The D.C. Circuit currently does apply Chevron deference to the interpretation of government contracts. That court held in cases like Cajun Electric Power Coop., Inc. v. FERC, that a contract entered into by an agency “takes on a public interest gloss” and therefore merits Chevron deference.
As the court explained: “The agency to which Congress entrusted the protection and discharge of the public interest is entitled to just as much benefit of the doubt in interpreting such an agreement as it would in interpreting its own orders, its regulations or its authorizing statute.”
However, other courts have taken the same view as the Federal Circuit and applied traditional contracting principles. For example, in the Meadow Green-Wildcat Corp. v.
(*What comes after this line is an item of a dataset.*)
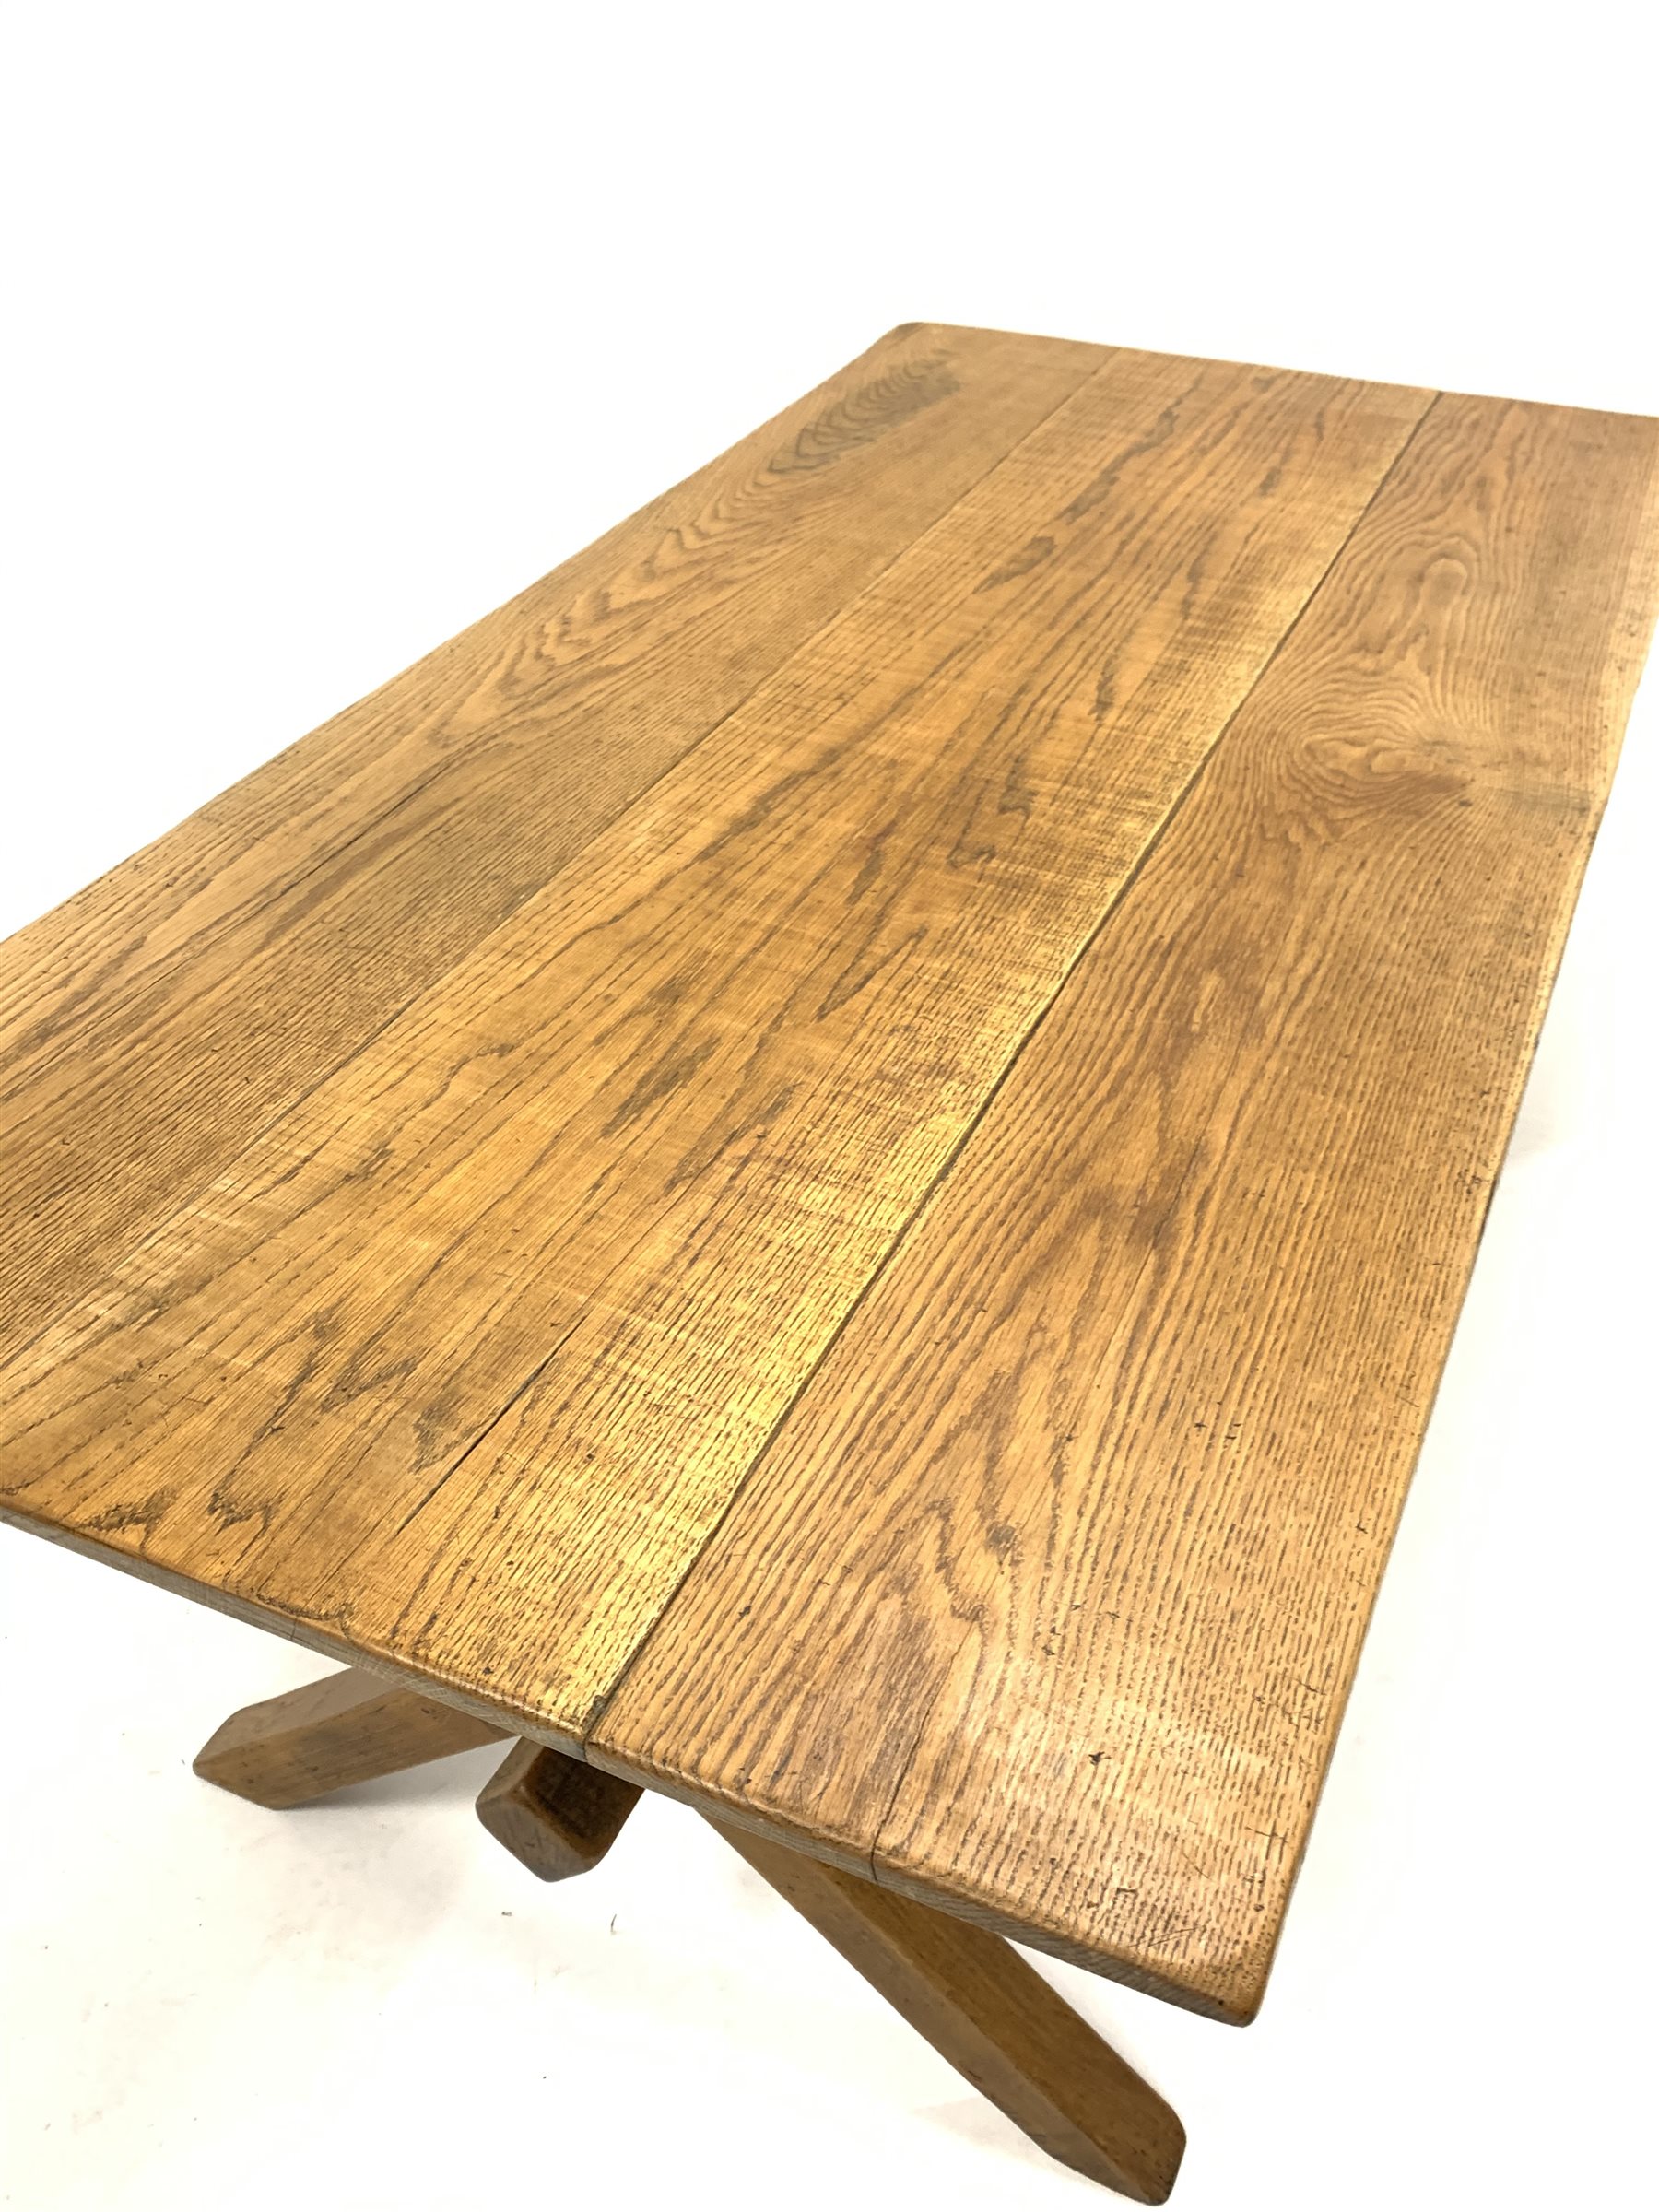 Early 20th century oak refectory style dining table, with rectangular top raised on 'X' supports uni - Image 4 of 4

Hathaway decision for the First Circuit, then-Chief Judge Stephen Breyer concluded that the intuitions that informed Chevron deference do not apply when interpreting government contracts.
On Oct. 16, in a statement joined by Chief Justice John Roberts and Justice Samuel Alito, Gorsuch signaled agreement with the Federal Circuit’s method of interpreting government contracts.
Gorsuch — who has previously expressed skepticism of the propriety and scope of Chevron deference more generally — declared that “whatever one thinks of that practice in statutory interpretation cases, it seems quite another thing to suggest that the doctrine (or something like it) should displace the traditional rules of contract interpretation too.”
His statement noted that “contracts usually represent compromises between two or more parties.” It then questioned whether courts should “suppose that one side to a compromise always has more insight into its meaning.”
Although the case before the Court included several fact-based questions which made it impossible for the Court to reach the legal question raised by Gorsuch, the statement signaled that at least three justices found that “the issues lying at its core are surely worthy of consideration.”
Government contractors should be aware that the Federal Circuit continues to hold that general contracting principles apply when interpreting government contracts. That method of interpretation also applies to disputes involving procurement contracts.
At the same time, other federal courts — in particular, the D.C. Circuit — defer to administrative agencies in the event of an ambiguity in a contract.
Fortunately, the Supreme Court may soon bring more clarity and guidance to the interpretation of government contracts.
Herb Fenster is senior of counsel, and Andrew Guy is an associate at Covington & Burling LLP.